Pitching coach Doug Brocail said, “That would be a good pitch count. It all depends on how he looks during the game and how many pitches he has. We’re not going to have him go out there and throw 150 pitches. Hopefully he gets out there and uses his fastball to get early outs and uses his pitches wisely and keeps us in the game.”
Darvish has made five minor league rehab appearances beginning on May 1. Over three starts with Double-A Frisco and two with Triple-A Round Rock, the right-hander yielded four runs (two earned) on nine hits and six walks with 21 strikeouts in 20 innings.
Tigers closer Francisco Rodriguez protected the Tigers’ lead in the ninth inning for what turned out to be a 3-1 victory. In doing so, he notched his league-leading 14th save of the season and the 400th save of his 15-year career. Rodriguez gave up a leadoff double to Freddy Galvis followed by a Maikel Franco single. However, he was able to retire Tommy Joseph on a sacrifice fly, Ryan Howard on a 4-3 ground out, and Carlos Ruiz on a strikeout to end the game.
Rodriguez is the sixth member of the 400-save club, joining Mariano Rivera (652), Trevor Hoffman (601), Lee Smith (478), John Franco (424), and Billy Wagner (422).
Rodriguez blew a save opportunity on Opening Day, but has gone 14-for-14 since. He carries a 3.57 ERA and a 16/6 K/BB ratio in 17 2/3 innings on the year.
Former major leaguer Jose Canseco will be a guest at the Frisco Rough Riders game against the Springfield Cardinals on June 4. After the game, he’ll participate in a Home Run Derby Challenge in which he takes on local challengers and attempts to break his own world record for the longest softball home run at 622 feet.
Here’s the link to the Roughl Riders schedule, which offers details on the event.
For those who might not know, the Rough Riders are the Rangers’ Double-A affiliate. Springfield is the Cardinals’ Double-A affiliate.
The Mets considered skipping Matt Harvey‘s start against the Nationals on Tuesday, but the right-hander said he wanted to make the start, so the club relented. Harvey has struggled mightily this season, entering the start with a 5.77 ERA and a 43/15 K/BB ratio in 48 1/3 innings.

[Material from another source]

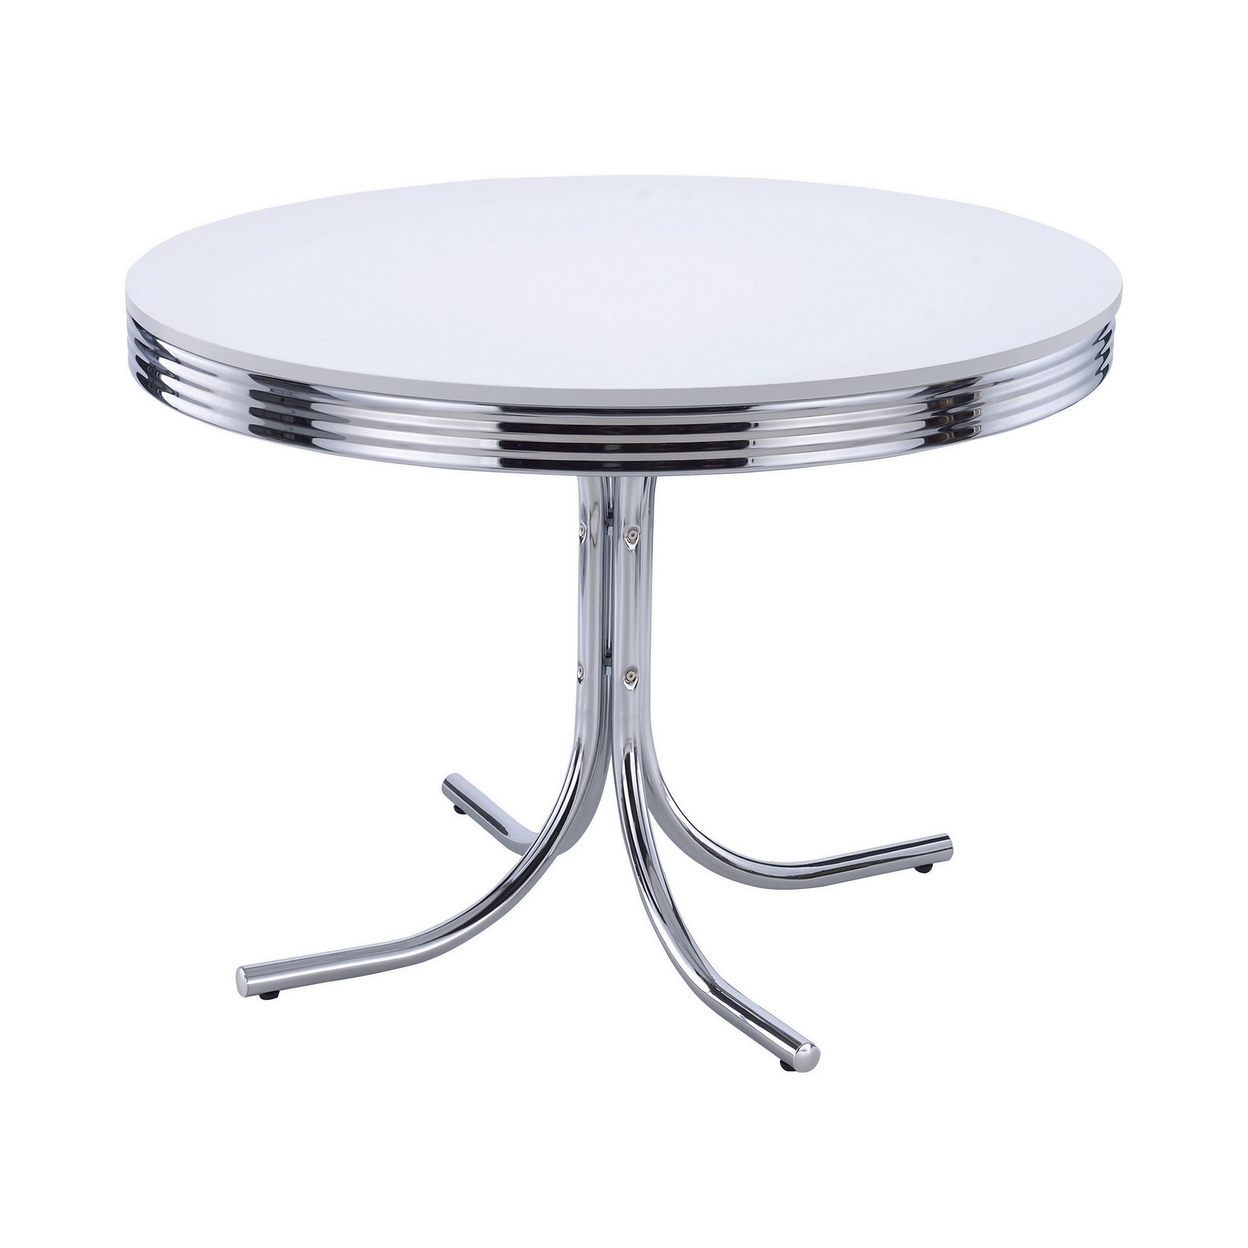 Loy 42 Inch Round Dining Table, Glossy White Wood Top, Ribbed Chrome Apron- Saltoro Sherpi

Harvey was slammed for nine runs (six earned) in 2 2/3 innings in his most recent start against the Nationals last Thursday. He failed to finish the sixth inning in six of nine starts.
Things didn’t get any better for Harvey against the Nationals on Tuesday. He yielded five runs on eight hits — including three home runs — with two walks and a strikeout in five innings. Ryan Zimmerman, Anthony Rendon, and former teammate Daniel Murphy each clubbed homers against him. Meanwhile, Stephen Strasburg continued to dominate.
One wonders, if there isn’t anything physically wrong with Harvey — and there’s reason to suspect there might be, particularly due to a decline across the board in velocity — the Mets might just put him on the disabled list to give him a couple of weeks to clear his head. Harvey was booed by the home crowd last week, and failing to live up to expectations in New York can put a lot of pressure on a person.